Homeland : Irak année zéro (en deux parties) d’Abbas Fahdel

classement 2016 13

Ce documentaire fleuve nous montre la vie d’une famille irakienne avant puis après l’invasion de leur pays par les Américains en mars 2003. La tension monte à l’approche de la guerre, et il est étonnant d’entendre les arguments de Saddam Hussein qui, avec le recul, paraissent on ne peut plus lucides et réalistes, pointant avec beaucoup de justesse cette volonté d’imposer au Irakiens un ordre nouveau, malgré eux. Un peu plus et le réalisateur ne serait pas loin de le réhabiliter. Du reste, l’ont voit la vie quotidienne de cette famille, dont les occupations et préoccupations ne diffèrent guère de celles des Occidentaux. Montrer l’autre afin de ne pas le réduire a de vulgaires préjugés, voilà un des enjeux principaux de ce documentaire, qui nous montre très bien, dans la seconde partie, le côté boîte de Pandore de cette guerre, avec l’effondrement de l’Etat irakien. Les familles s’arment afin de se défendre, non pas des Américains, mais de ceux qui profitent du chaos pour voler leurs voisins ou faire progresser des convictions politico-religieuses, premiers soubresauts d’une guerre civile qui ne faisait que commencer.

Juste la fin du monde de Xavier Dolan

classement 2016 14

Un écrivain à succès joué par Gaspard Ulliel revient dans sa ville natale avec l’intention d’annoncer sa mort prochaine à sa famille, qu’il n’a pas vue depuis des années. Derrière les sourires de convenance, on sent que quelque chose s’est cassé, ils n’ont plus rien à se dire, et à cela s’ajoutent les différences sociales, l’écrivain faisant l’objet d’une présomption d’arrogance du fait de sa réussite, même s’il demeure une part d’admiration chez sa sœur, jouée par Léa Seydoux. Quant à Vincent Cassel, qui joue son frère, et bien il nous fait du Vincent Cassel, toujours énergique, taquin et cassant, la promotion sociale de son frère cadet ayant du mal à passer. Xavier Dolan, qui n’a même pas 30 ans, confirme son talent et son œuvre parvient, film après film, à une certaine maturité, gommant peu à peu les quelques défauts et lourdeurs de ses précédents films, dont l’excellent Mommy.

Les Ogres de Léa Fehner

classement 2016 22

Le titre de ce film ne pouvait pas mieux résumer cette troupe de théâtre, dont on suit les bonheurs et les malheurs. Enfant de la balle, la cinéaste n’a pas hésité à utiliser ses parents comme acteurs, afin que ceux-ci retranscrivent cette ambiance bruyante et nomade dans laquelle elle a baigné durant son enfance. Adèle Haenel vient apporter sont indéniable talent de comédienne, une des meilleures actrices du moment. Mais la surprise vient peut-être de Marc Barbé, qui joue un homme tourmenté, toujours un peu borderline. Que ce soient les joies collectives, les engueulades, les numéros joués par les personnages, tout est filmé de manière à intégrer le spectateur au sein de ce groupe, avec une musique bien entraînante contrebalançant les moments plus calmes, plus intimes, plus tristes, dans une sorte de yo-yo permanent.

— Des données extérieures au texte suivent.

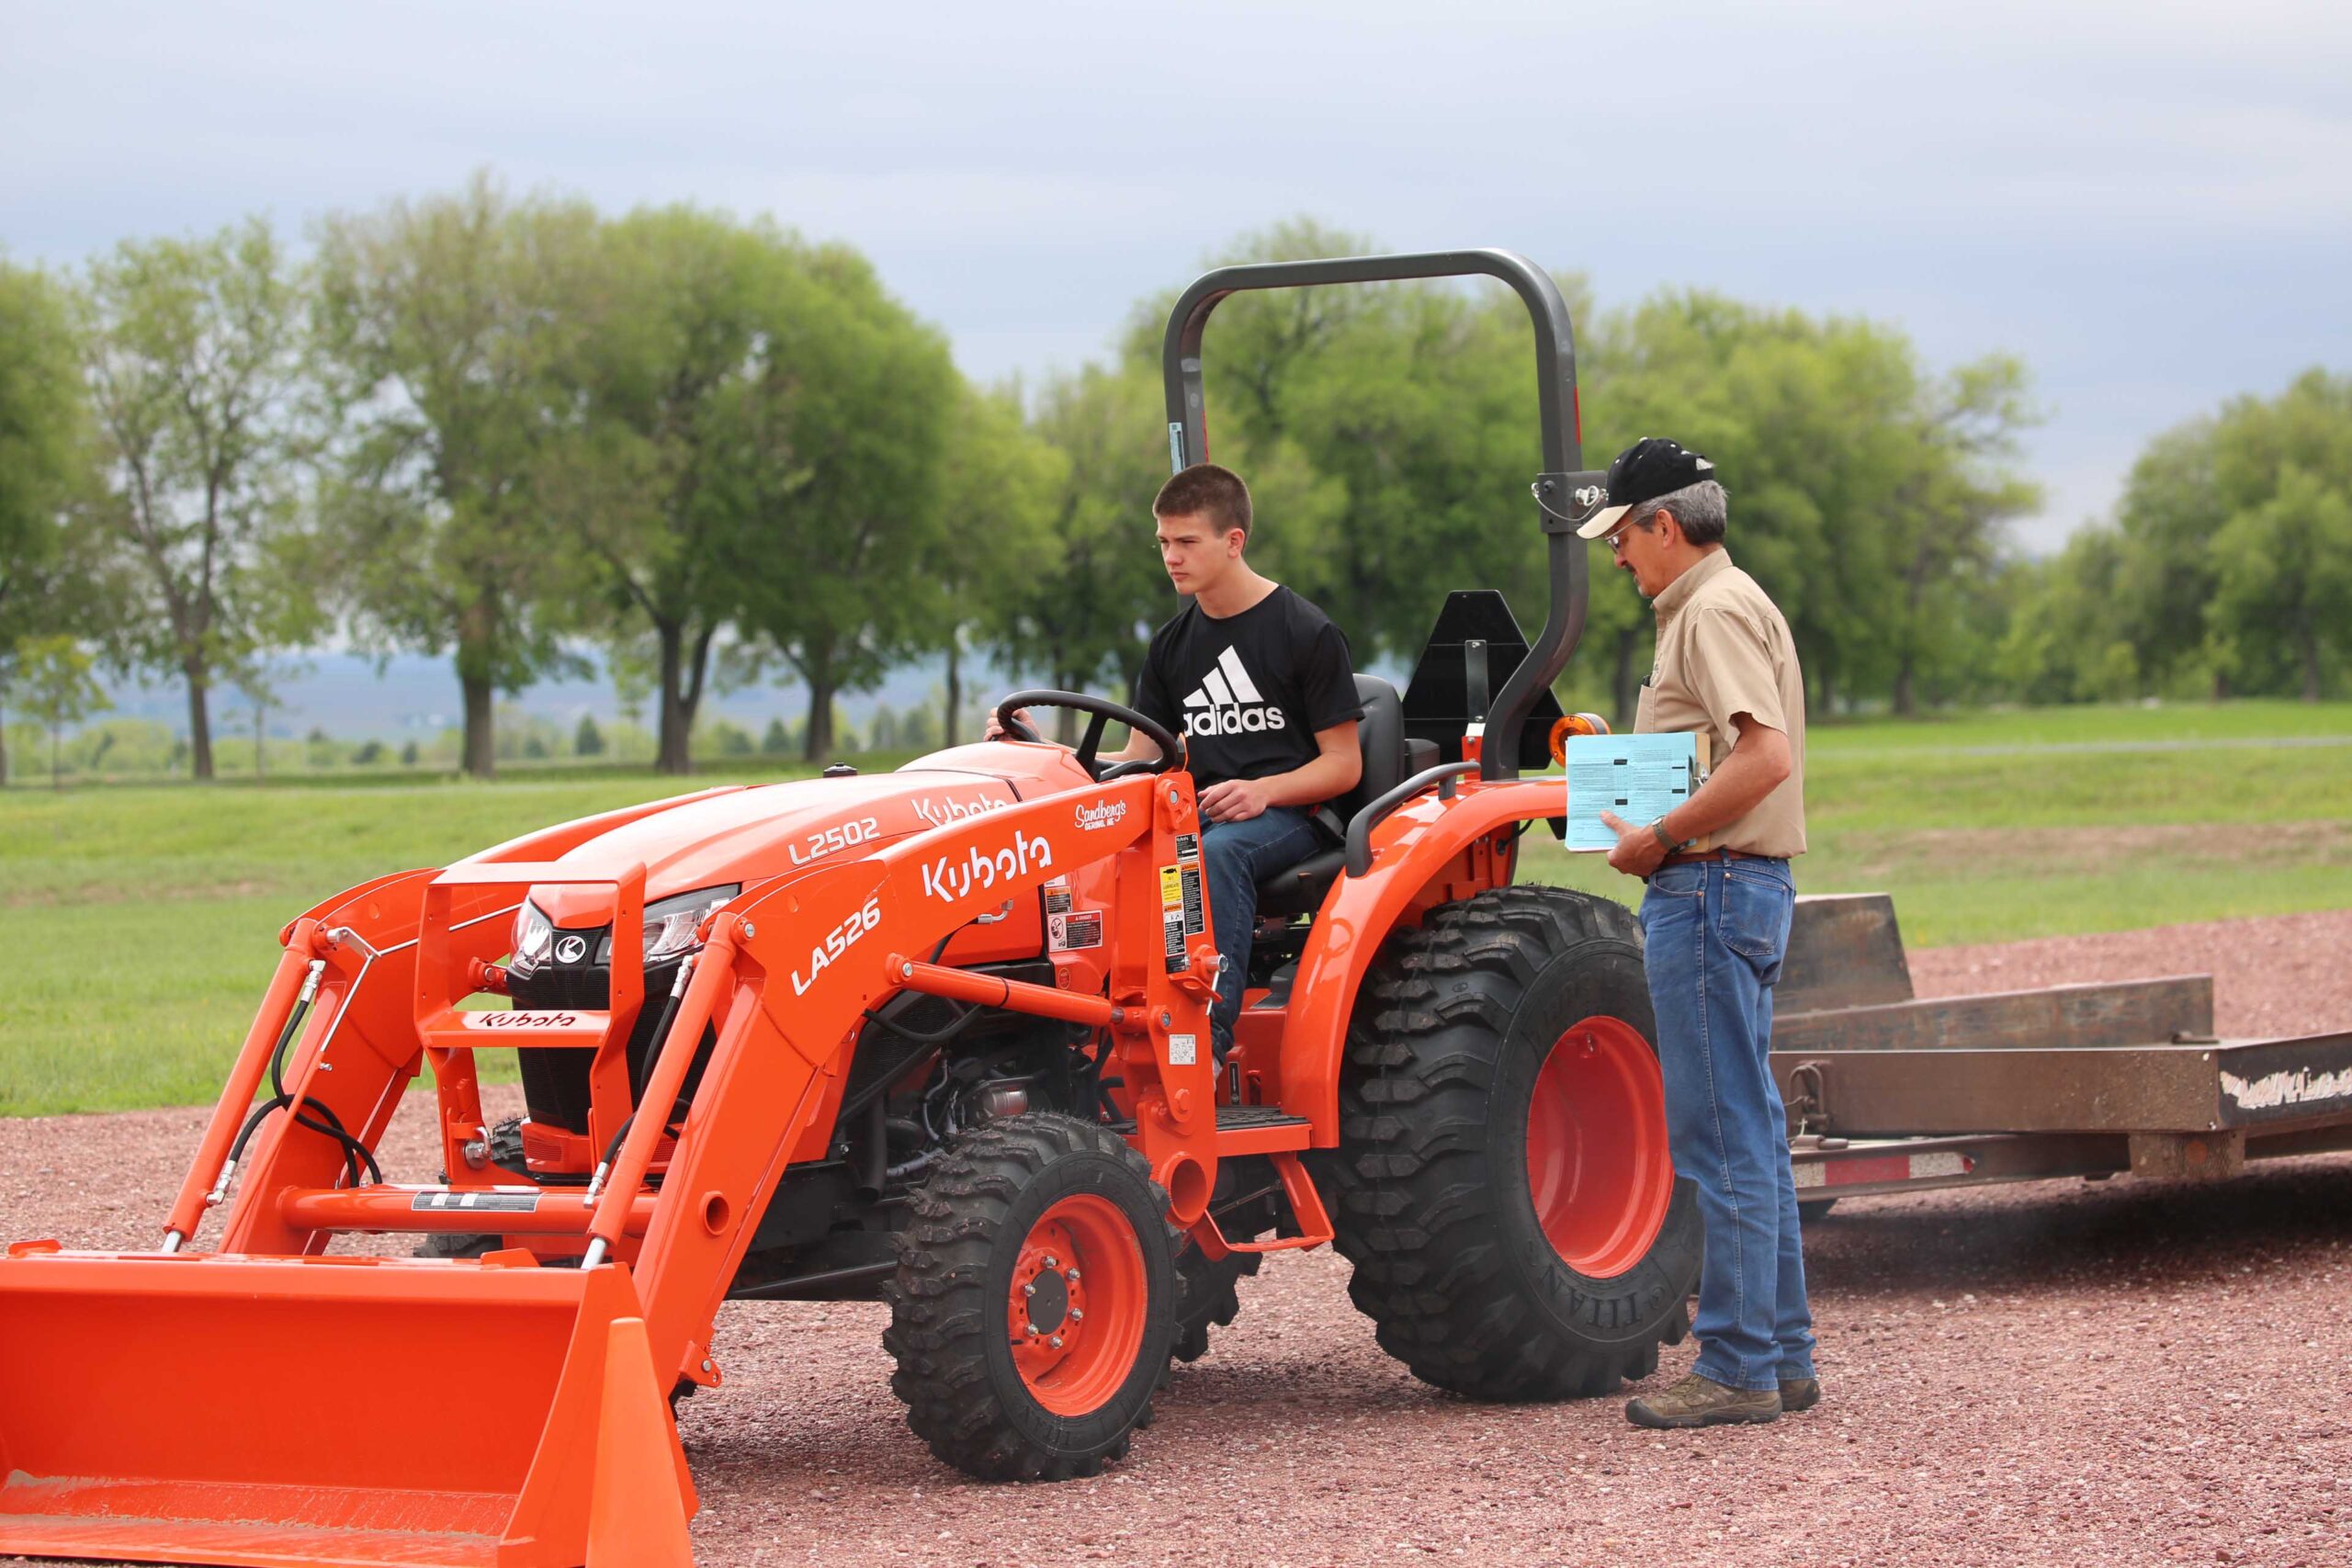 Certification received through this course grants an exemption to the law allowing 14- and 15-year-olds to drive a tractor and to do field work with certain mechanized equipment&period;

L’Avenir de Mia Hansen-Løve

classement 2016 21

Isabelle Huppert, toujours et encore. Toujours aussi talentueuse dans ce rôle de prof de philo cumulant les déconvenues, mais faisant preuve d’une grande résilience. Quinquagénaire, elle voit tout ce qu’elle a construit jusqu’à présent se déliter sous ses yeux, sa famille notamment, n’ayant plus que son travail comme ultime satisfaction, espérant que ses élèves pourront penser par eux-mêmes, peu importe leur réussite sociale future et les impasses politiques dans lesquelles ils pourraient s’engager. Certains n’y verront que l’étalement d’états d’âme bourgeois, avec le côté un peu élitiste du couple d’enseignants agrégés allant se recueillir tous les ans sur la tombe de Chateaubriand. Mais il serait dommage de se priver d’un si beau film, qui démontre une fois de plus la vitalité du jeune cinéma français, n’en déplaise aux grincheux et déclinistes de tous bords.

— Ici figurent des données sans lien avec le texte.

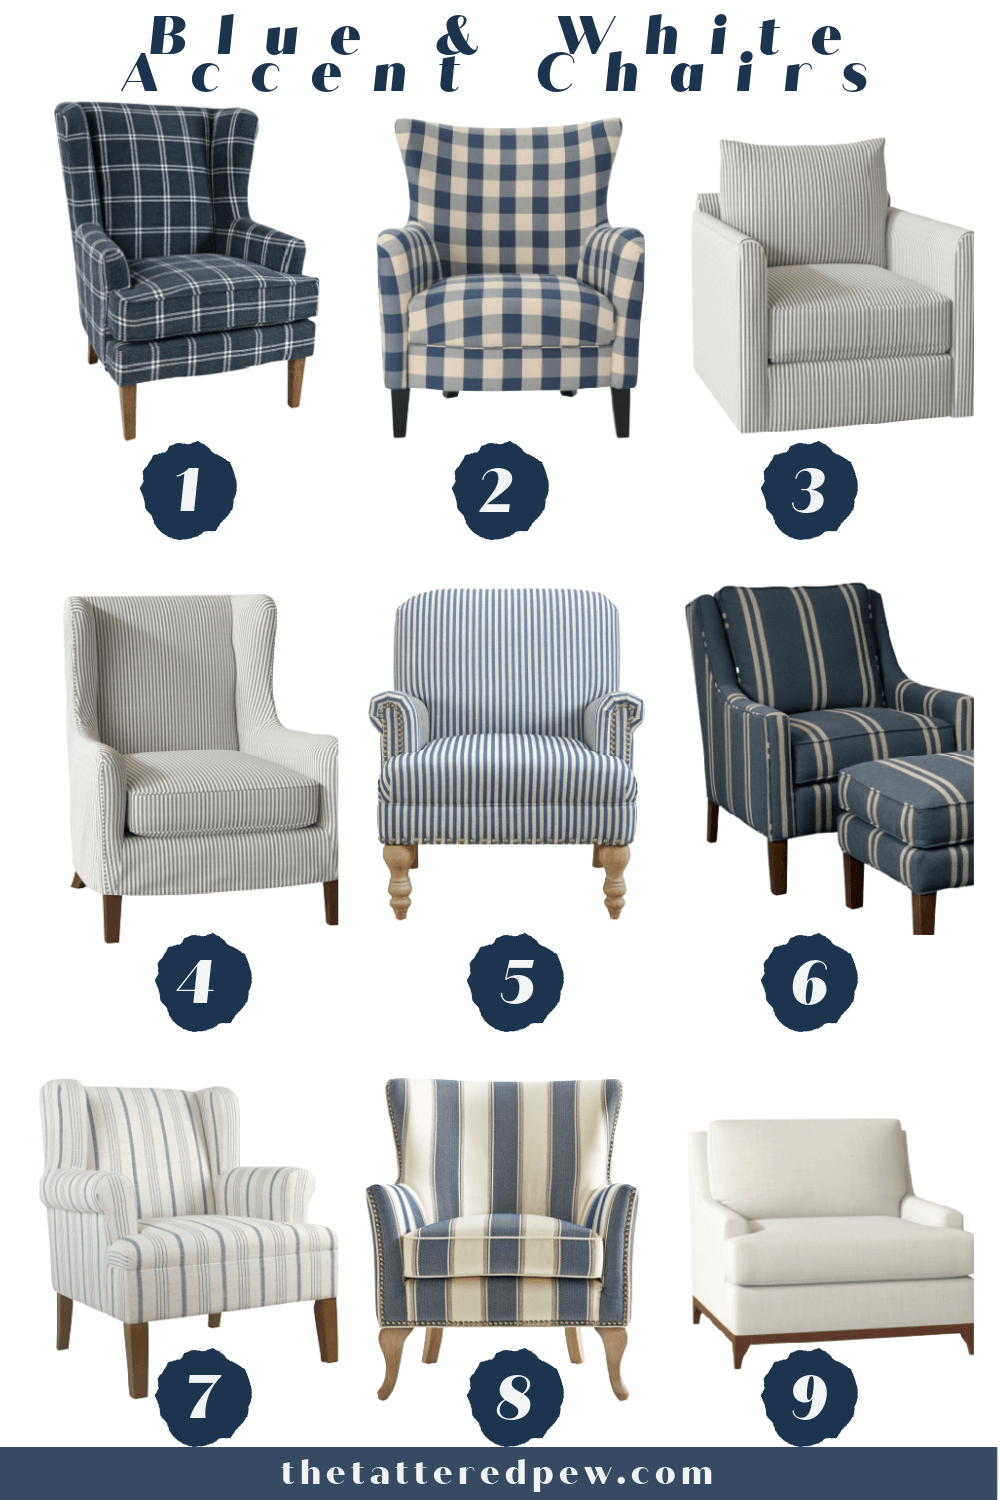 Check out these 9 blue and white accent chairs all from Wayfair!

The Revenant d’Alejandro González Iñárritu

classement 2016 17

Début du XIXème siècle. Un groupe de trappeurs en activité dans le nord des Etats-Unis décide d’abandonner l’un des leurs, grièvement blessé par un ours. Laissé pour mort, ce dernier s’engage dans une lutte impitoyable avec la nature et le climat, glacial, afin de rejoindre le monde civilisé et régler ses comptes avec ceux qui l’ont abandonné. Ce film de survie, très beau visuellement, peut sembler frôler l’esthétisme. Mais il faut bien reconnaître que l’on a affaire à quelque chose de totalement inédit, jamais un film de survie n’avait été filmé de cette manière, fort de toutes les évolutions techniques de cette dernière décennie. Avec le chef opérateur de Malick à l’image, il ne pouvait qu’en sortir un film de toute beauté. Du reste, il est question de l’instinct de survie, et de ce qui peut motiver celui-ci, mais une question demeure sans réponse : que reste-t-il de soi-même après avoir donné tant d’énergie dans l’espoir d’une hypothétique vengeance ?

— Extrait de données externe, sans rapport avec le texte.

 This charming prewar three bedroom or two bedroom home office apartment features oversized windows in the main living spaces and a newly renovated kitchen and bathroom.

Moi, Daniel Blake de Ken Loach

classement 2016 18

Un menuisier de 59 ans atteint de problèmes cardiaques est contraint de retrouver du travail et de travailler, en dépit des recommandations de son médecin, sous peine de devenir SDF. Il fait alors face au contraignant système d’aide sociale britannique, avec son côté « marche ou crève », effet néfaste du néolibéralisme, que Ken Loach n’a eu de cesse de dénoncer depuis les années Thatcher, jusqu’à son discours de réception de la Palme d’or, qui couronna ce film, très bon sur le plan dramatique, avec ce personnage parfaitement incarné et touchant, « toujours debout » malgré les épreuves. Par moments c’est un peu démago mais ça reste un film très réussi.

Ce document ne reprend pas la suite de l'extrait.